An experienced therapist once warned a young apprentice, “You will on occasion have a new prospective client who, after a few visits, will praise with great embellishment. They will tell you how wonderful you are. They will triumphantly declare they finally found a therapist who understands. They will talk of the two of you making the perfect therapist-client match. Your ego will be stroked, and you will be inclined to believe in these wonderful affirmations; don’t take that client!”
We would be wise to ponder this insightful instruction, applying the wisdom to romance. Several years ago, I participated in an on-line community. On many occasions participants discovered a friendly spirit and romance ensued. Before even meeting, they would publicly share their lucky find—a soul-mate; the love of their life. Most these relationships ended as quickly as they started. Embedded within us is this yearning for a perfect match. This unrealistic expectation eventually invites disappointment when the imperfections of the imperfect partner are unveiled.
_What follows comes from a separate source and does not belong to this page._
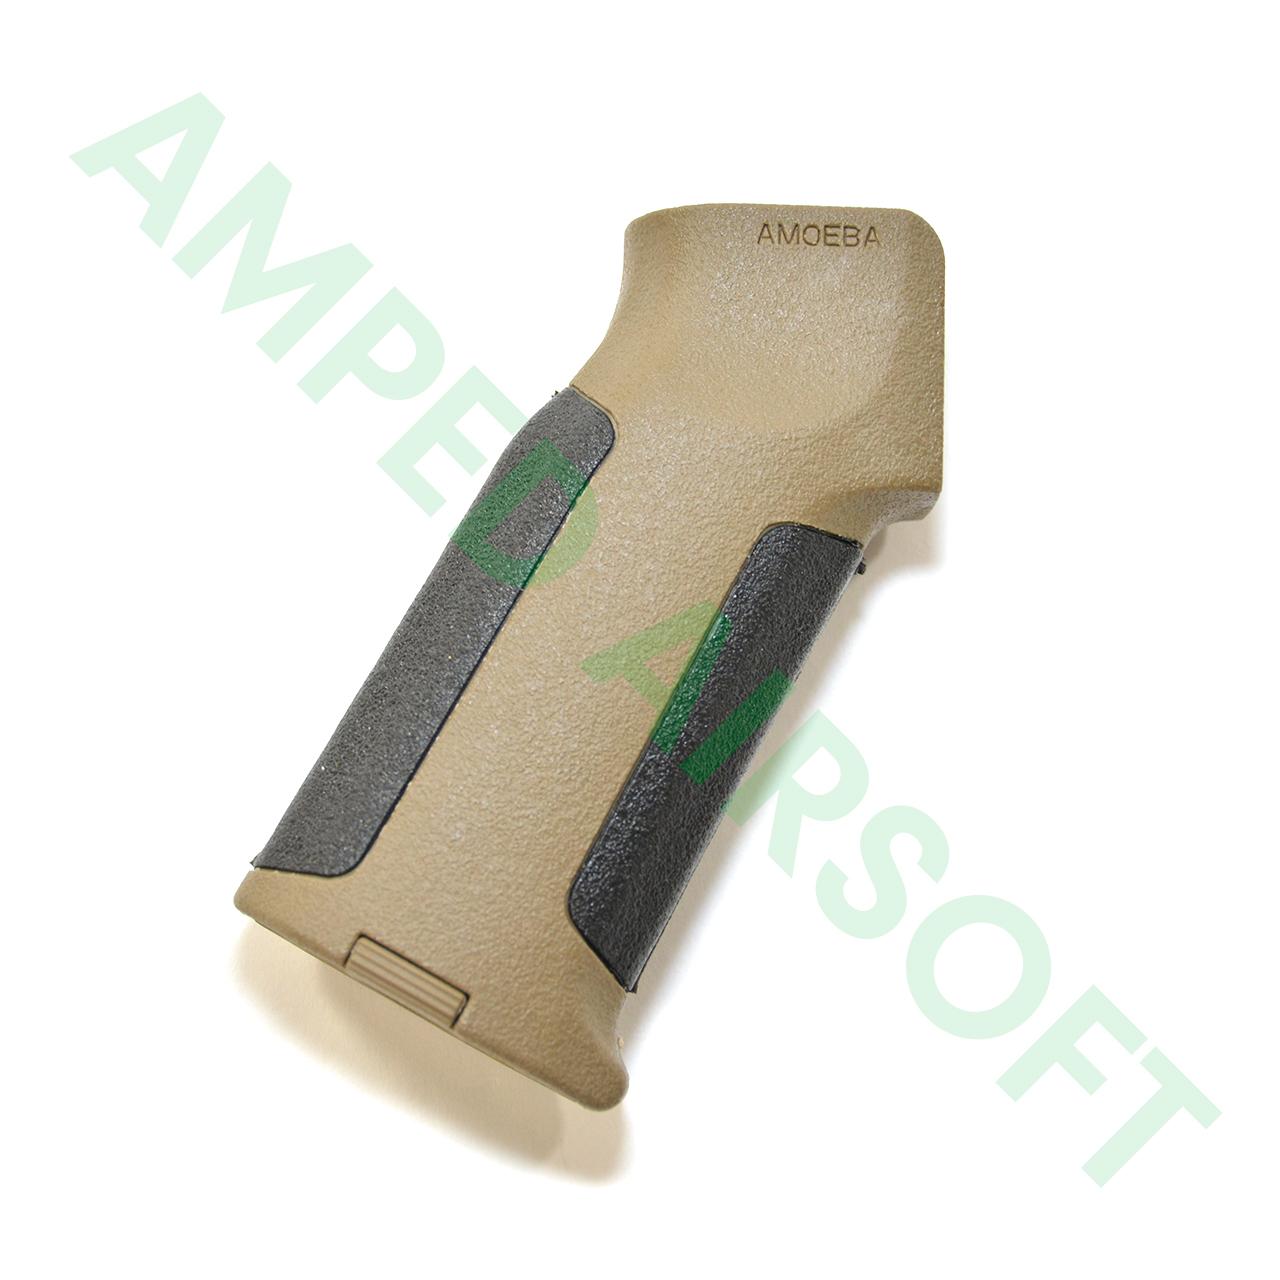 Amoeba - Pro Beavertail Straight Backstrap M4 Grip (Black/Dark Earth)

Unconditional love and complete acceptance are idealistic hogwash. Relationships scrutinized against these ideals eventually will be dashed against the hard rocks of reality. At some point, we will discover conflicts in desires, either because of differences or imperfections—there will always be episodes to address and disruptions to accept.
Whether we bond immediately with a therapist, a romantic partner, a friend, or the content of a facebook page, eventually differences will emerge that challenge the connection. Emotionally stable relationships require work, processing differences and working through conflicting emotions. With effort, we can resolve some of the differences but not all; some conflicts continually resurface, demanding attention, igniting minor tiffs or even exploding into relationship destroying brawls.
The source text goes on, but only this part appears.